DE10009008C1 - Process for producing a composite structure with a metal foam core - Google Patents

Abstract

The invention relates to a method for producing a composite structure in which a foamed metal core (1) is surrounded with a metal body (3). Said method comprises the following steps: a) producing a foamed metal core (1) with an essentially closed surface; b) introducing the foamed metal core (1) into a pressure diecasting mould; c) filling said pressure diecasting mould at a first casting pressure (p1); d) reducing said first casting pressure (p1) before the pressure diecasting mould has been filled; e) filling the pressure diecasting mould entirely, the first casting pressure (p1) being reduced to zero or almost zero; and f) applying a second casting pressure (p2) and maintaining this for a predetermined holding period.

Description

The invention relates to a method for producing a Composite structure in which a metal foam core with a me tall body is surrounded. It also concerns an after ver drive manufactured component.

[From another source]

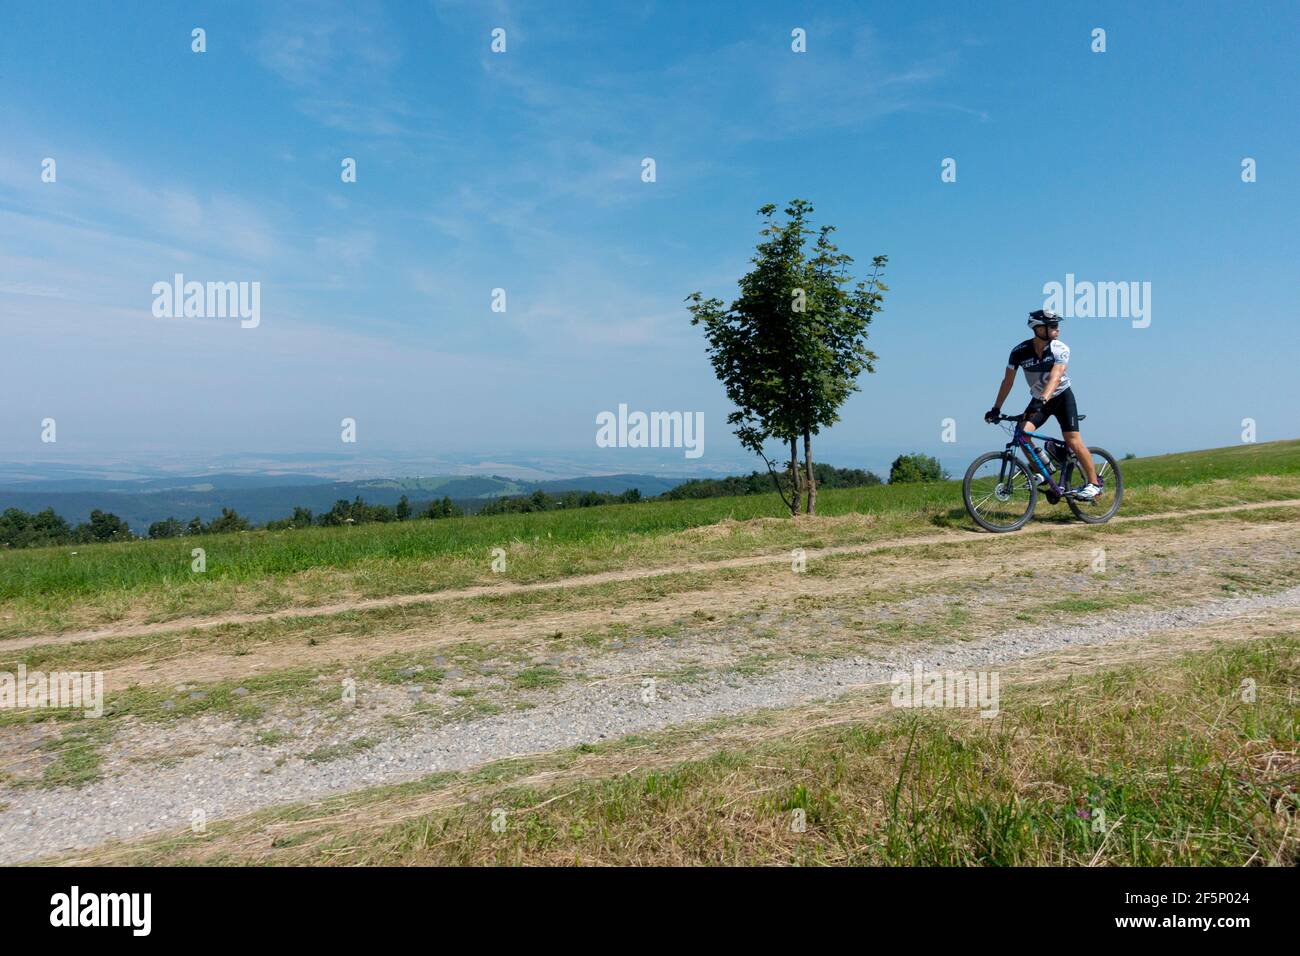 Un uomo in bicicletta da solo su una strada di campagna con un piccolo albero sulla strada, stile di vita in una bella giornata, in bicicletta Foto Stock

According to the prior art, from DE 195 26 057 a Ver drive known to produce a composite structure. there becomes the surface of a metal foam core under heating compacted so that only fine cracks and Holes remain. Then a thermal Spraying a metal layer on the surface brings. - With this method, the contour of the component given by the contour of the metal foam core. Complexes Contours cannot be produced or only with great effort.

DE 195 50 613 describes a component with a metal foam Core as well as a method for its production are known. there the metal foam core is covered with a metal foil and then cast with a cast material. The metal The purpose of the film is to penetrate the melt into the pores of the metal foam core. - The well-known procedure ren is complex because the metal foam core seals with the metal foil must be encased. This requires manual Activity.

The object of the invention is to overcome the disadvantages of the prior art of technology to eliminate. In particular, it is supposed to be a procedure to produce a composite structure, wel ches is as simple and inexpensive to carry out.  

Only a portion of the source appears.